Intelligent learning and management of a networked architecture

Intelligent learning and management of networked architectures is disclosed. A network architecture can be mapped to identify a set of interconnected hardware and software elements that comprise the network architecture. Data sources associated with the set of interconnected hardware and software elements can be identified and employed to compile data associated with the elements. The data can be utilized to determine an action to address potential negative effects of a change to the network architecture such as an update or patch. In one instance, the action corresponds to a reconfiguration of at least one of the set of interconnected hardware and software elements. Further, machine learning can be employed to determine a particular configuration. Once determined the action can be implemented on the network architecture.

BACKGROUND

Networks are becoming more complex and more distributed, especially for large corporations or financial institutions.

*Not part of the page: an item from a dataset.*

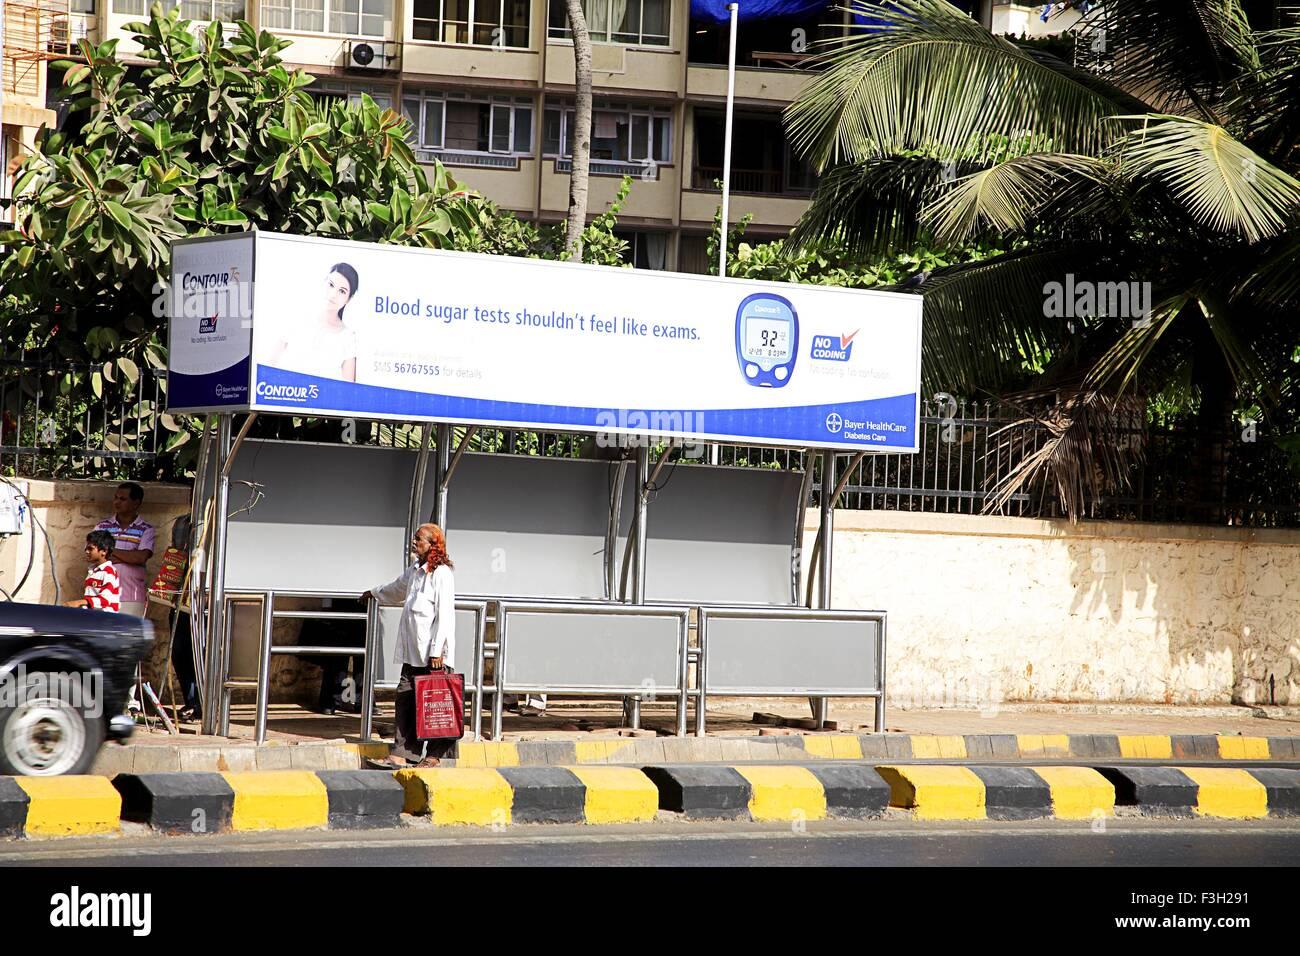 Werbung Horten Contour ts Blut Glukose monitoring System Bushaltestelle Bhulabhai Desai Road Warden Straße Stockbild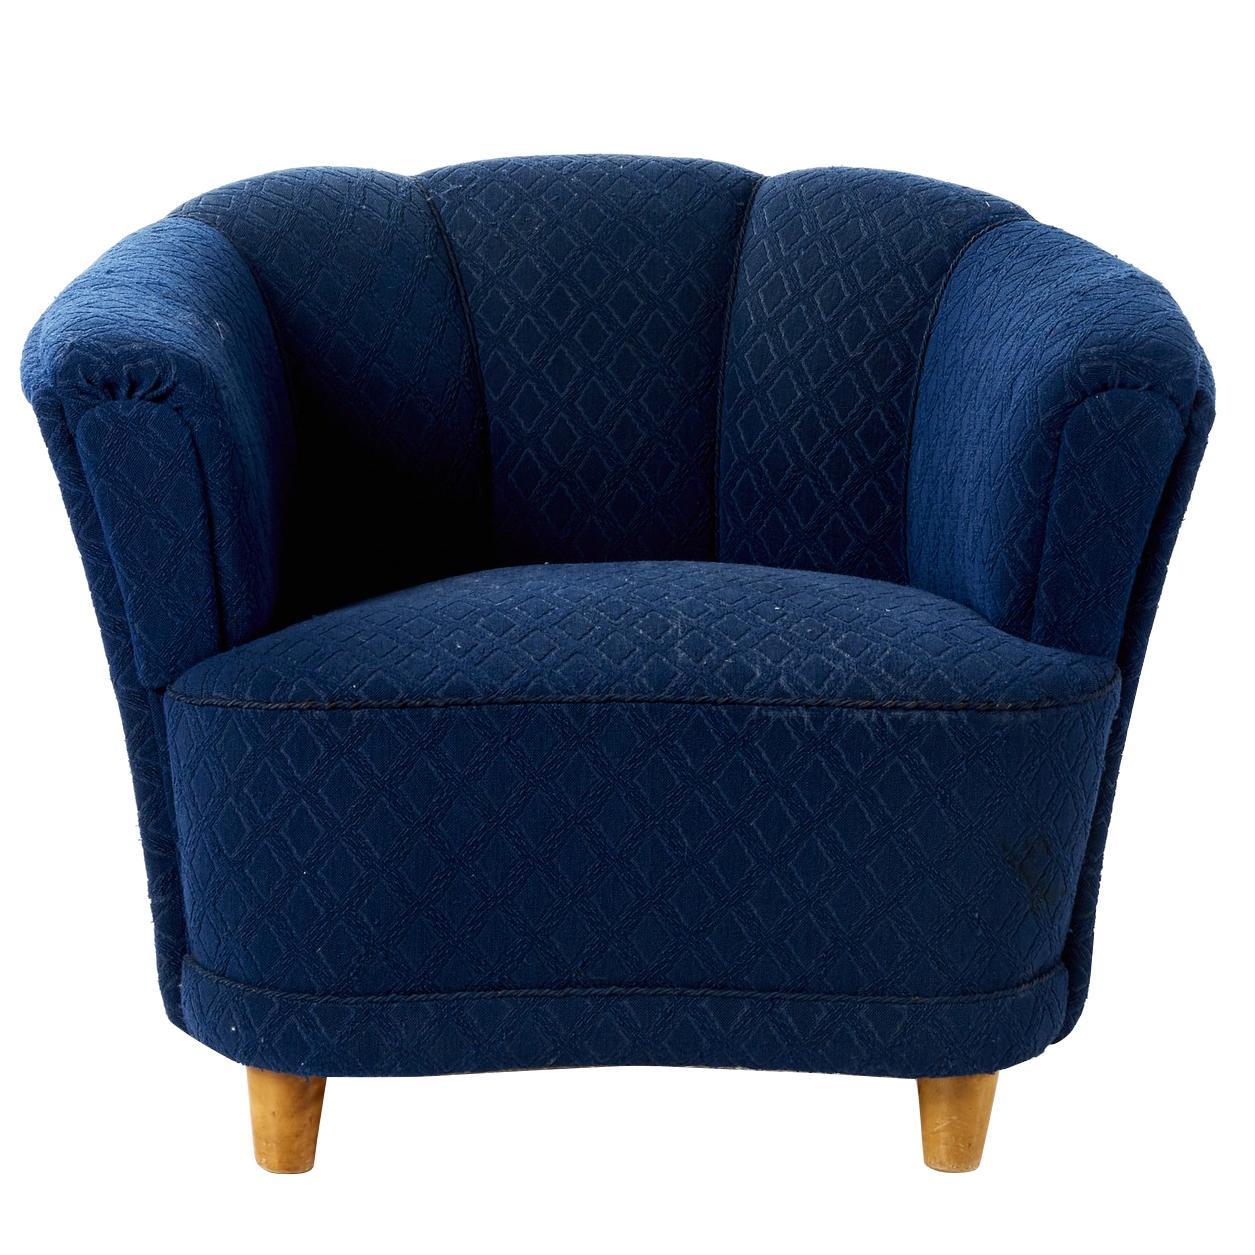 Otto Schulz 1940s Lounge Chair for Boet, Scandinavian Midcentury

The networks continuously are adding network elements to the network that have different configurations, security policies, access policies, and/or the like. It is becoming increasingly difficult to manage each element or type of element on a growing network. Especially difficult is managing and learning the best configurations for each element with updates, new policies, and/or the like as each element may come from a different supplier with its own configuration type and update schedule.

SUMMARY

Systems and methods are provided associated with intelligent management of a networked architecture. In accordance with one aspect, a method, comprising a number of operations including mapping a network architecture comprising a set of software and hardware elements interconnected in a domain, identifying a change to be made to the network architecture, automatically determining an action to address a conflict, associated with the change, that negatively affects performance of the network architecture, in which the action corresponds to reconfiguration of at least one of the set of software and hardware elements, and implementing the action on the network architecture. In one instance the change can correspond to an update or a patch. The method can further comprise determining a negative impact on functionality of the network architecture associated with the change and automatically determining the action that mitigates the negative impact on the functionality of the network architecture.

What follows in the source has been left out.